> _GIVEN INFORMATION_
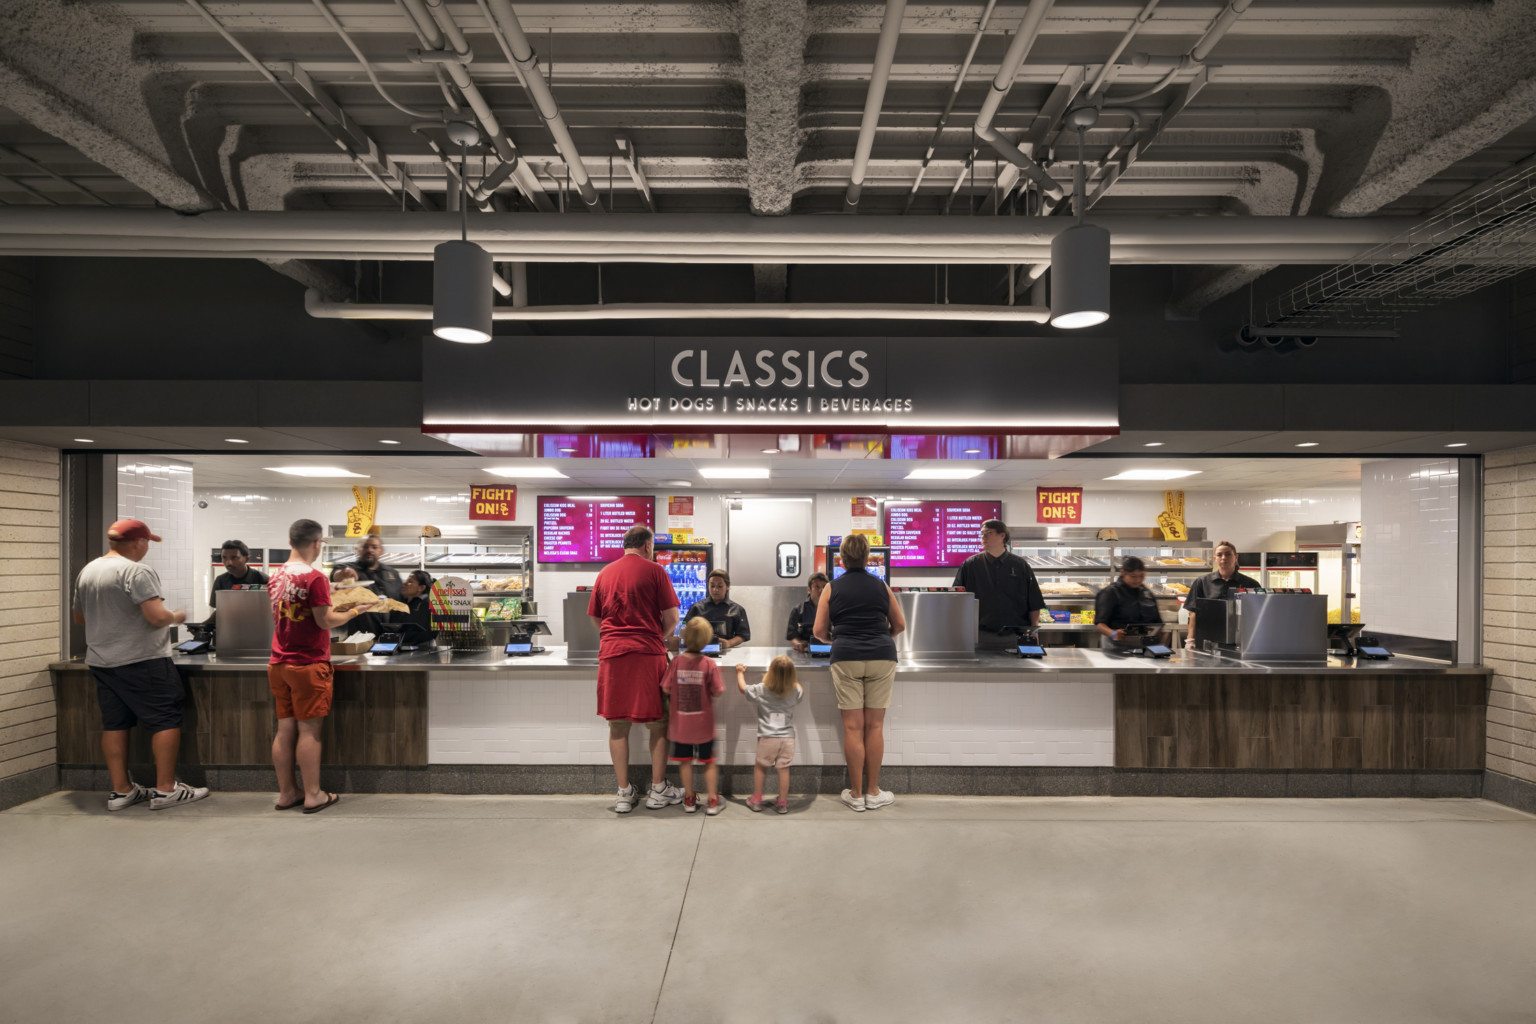 Concessions stand labeled Classics: Hot Dogs, Snacks, Beverages. Stainless steel counter on white and wood base
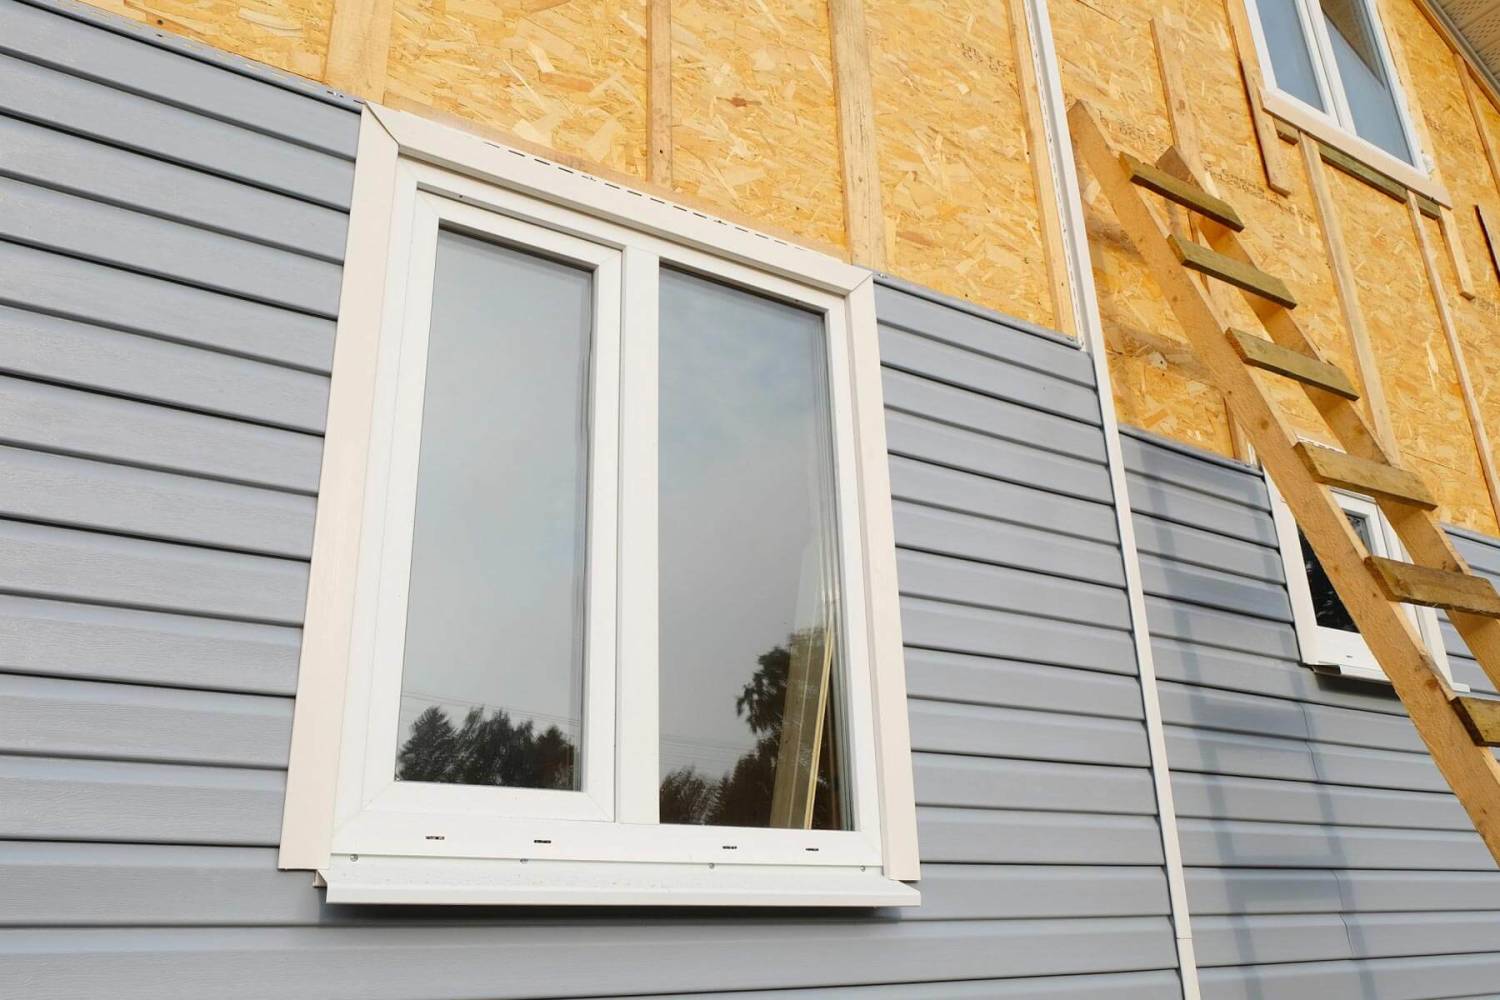 How To Remove Siding And Repair Exterior Wall Sheathing
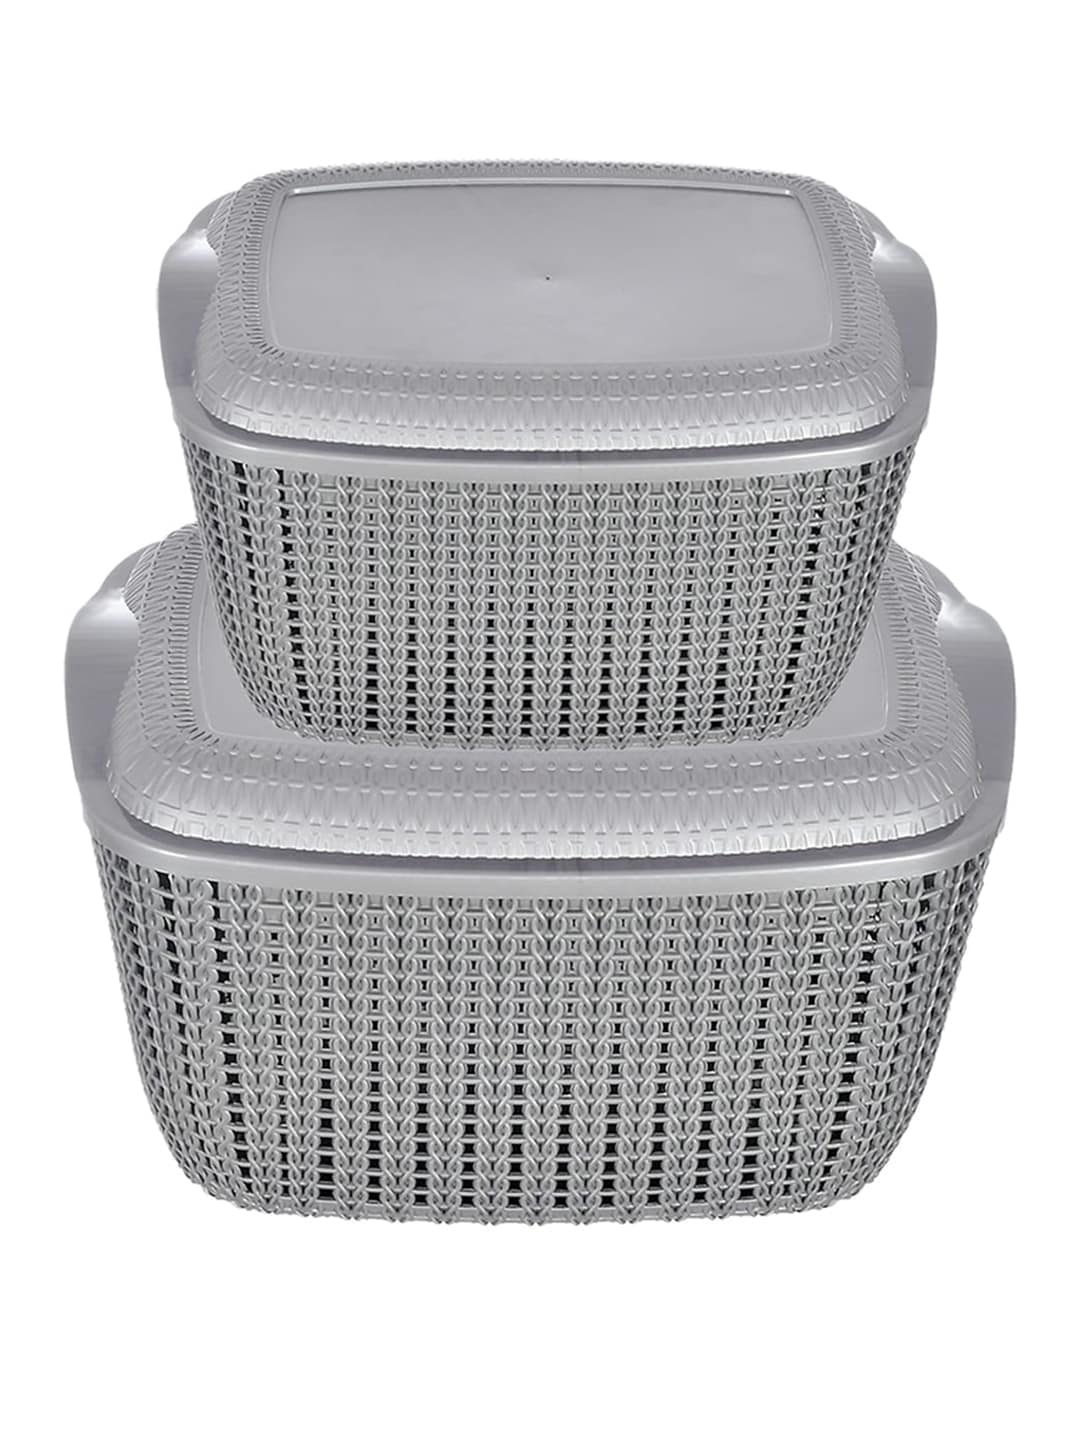 Kuber Industries Grey Set of 2 Plastic Basket With Lid Price in India
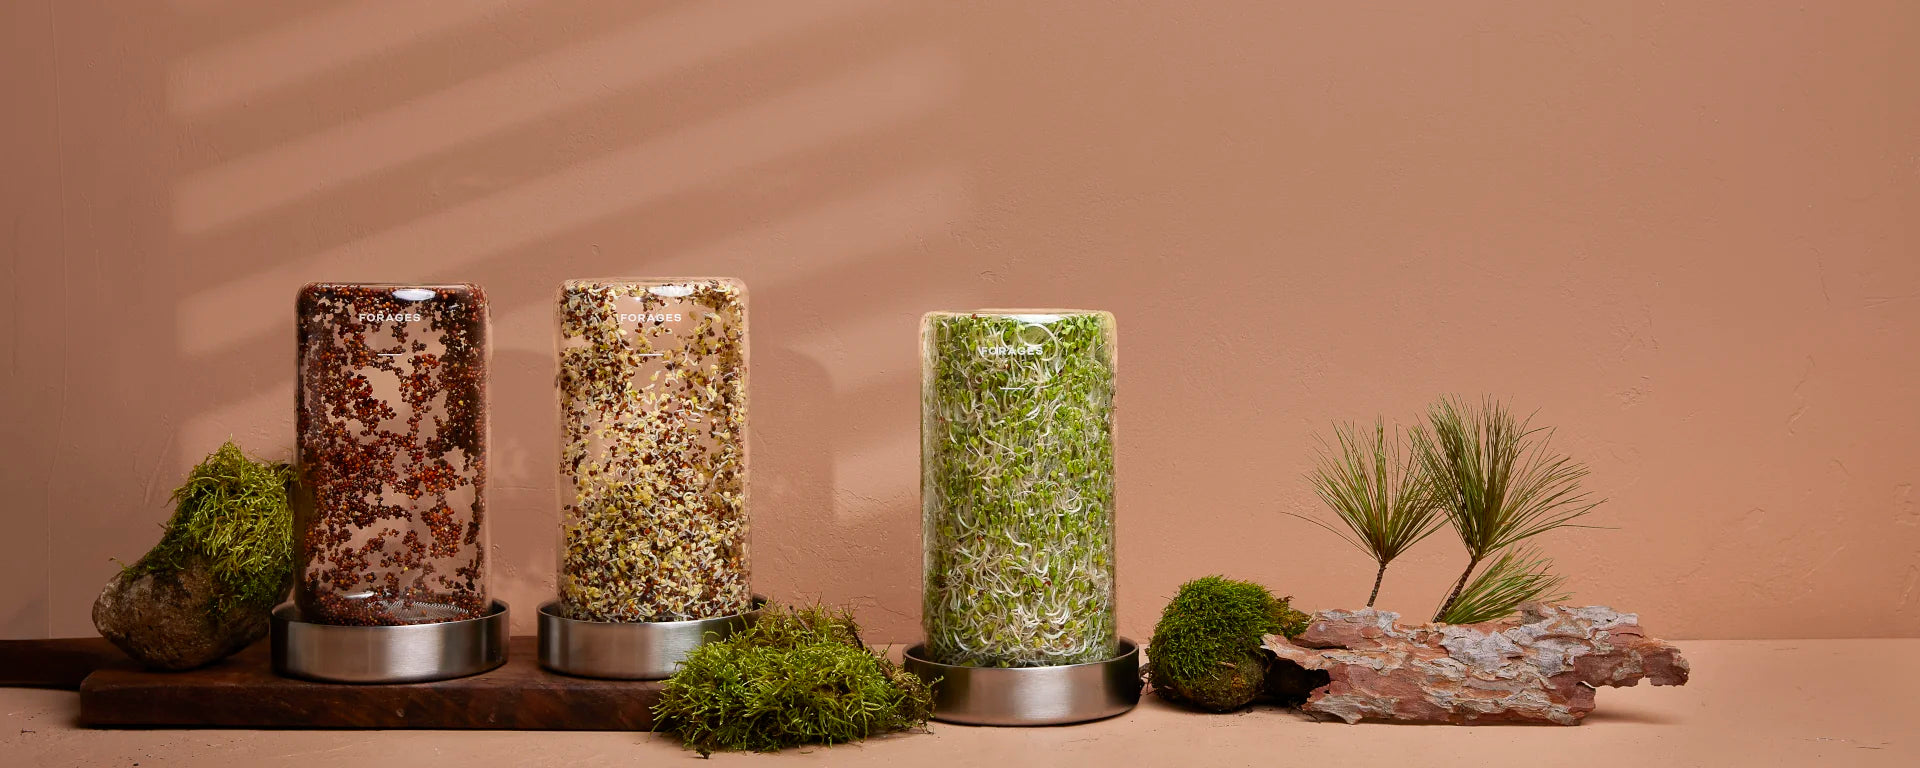 Three Forages Sprout Jar Kits showing stages of Broccoli Sprouts with moss

> _TASK OBJECTIVE_
Each line of the material above should be set down exactly, with no pictures.

> _TASK ANSWER_
 Concessions stand labeled Classics: Hot Dogs, Snacks, Beverages. Stainless steel counter on white and wood base
 How To Remove Siding And Repair Exterior Wall Sheathing
 Kuber Industries Grey Set of 2 Plastic Basket With Lid Price in India
 Three Forages Sprout Jar Kits showing stages of Broccoli Sprouts with moss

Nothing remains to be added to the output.